The title may imply that the expansion with regard to long term conditions is a new or recent development. But it was always the intention of IAPT to treat lots of patients with long term conditions and medically unexplained symptoms, this is what IAPT was always about – to save money from the physical healthcare budget – as laid out in Layard and Clark’s book ‘Thrive: The Power of Psychological Therapy’. The economic model is that the physical healthcare savings made by treating these patients with CBT will pay for the service for everyone else who needs it.

So what happens if those savings don’t materialize? It seems to me that they are guarding/have guarded against that to an extent by a) asking applicants for IAPT funding to describe how they envisage reductions to their physical healthcare spending will be made, and b) suggesting that commissioners should consider disinvesting in their physical healthcare services on the basis of merely anticipated savings to their physical healthcare budgets (suggested by preliminary evidence of savings from one particular service/region). Meanwhile the aim is that 2/3rds of new IAPT clients will come from the LTC and MUS groups. So to my mind this has little to do with helping people with mental health difficulties, but has a lot to do with the drive to reduce secondary care, cut hospital and outpatient services and push cheap (or non-existent) care in the community. If I was being generous I’d say that it was about wanting to prove a pie-in-the-sky hypothesis (that links psychotherapy with economics) that these people earnestly believe in, but if it was a beneficent endeavour then wouldn’t they deliver the services anyway, without set target groups, to anyone who wanted them, and view any physical healthcare savings arising as a secondary gain/ a coincidental bonus, rather than wanting spending cut up front? (Instead they appear to have marketed the strategy to government/s as a ‘no-brainer’ – see David Marks’ Editorial ‘IAPT under the microscope’ – https://journals.sagepub.com/doi/10.1177/1359105318781872 and David Clark’s presentation here -https://www.youtube.com/watch?v=qRqVJq6LVNo )

Some people with ‘medically unexplained symptoms’ are suffering in the most horrendous ways, deprived of any good biomedical help by the NHS (in terms of both treatment and research), with IAPT being the recommended treatment.

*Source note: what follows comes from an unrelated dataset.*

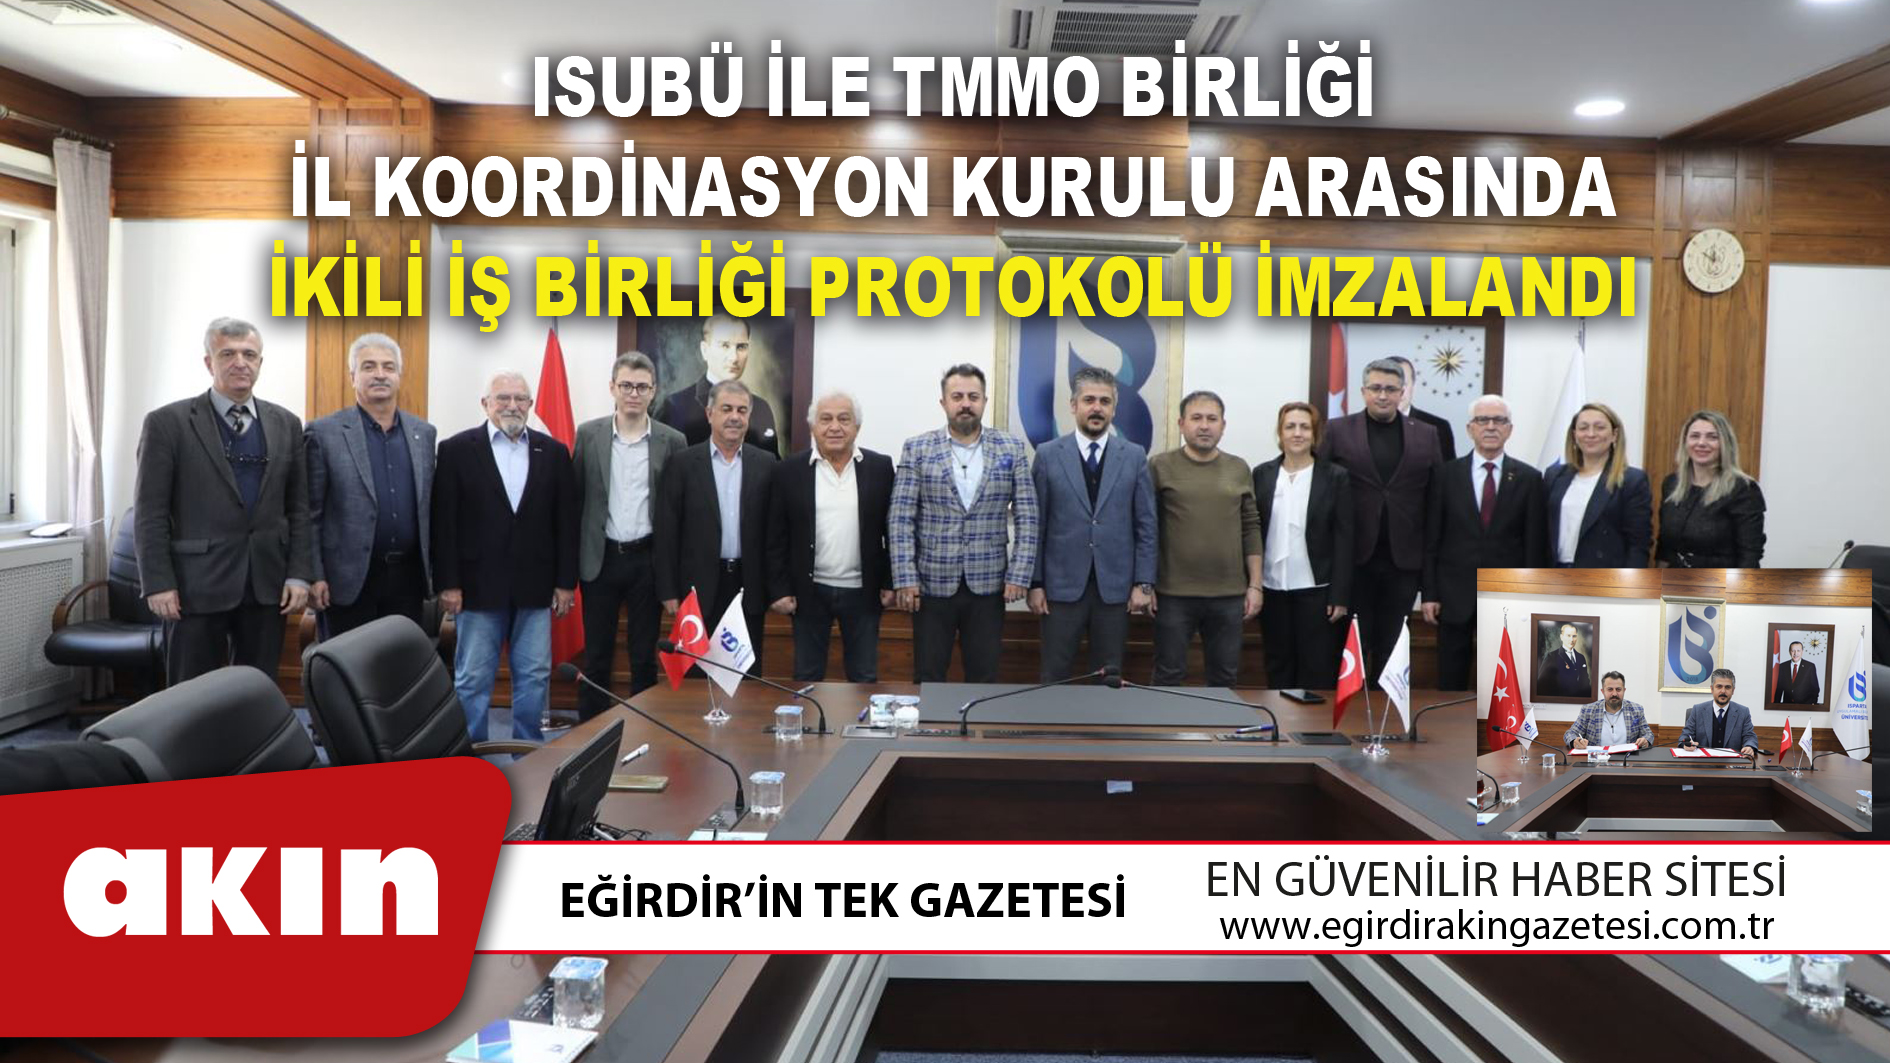 ISUBÜ ile TMMO Birliği İl Koordinasyon Kurulu Arasında İkili İş Birliği Protokolü İmzalandı

The MUS strategy in the UK undermines patient safety on a monumental scale, potentially risking the health of millions of people each year. This is a national scandal and yet few people seem to care about it. And now in relation to long term conditions we hear in the news about unacceptable delays in spotting secondary breast cancer- https://www.bbc.co.uk/news/health-49999404 – so why IS this happening? Why don’t GPs believe their female patients when they come to them with their symptoms? What could possibly make them think that their patients’ symptoms don’t require referrals to secondary care, I wonder?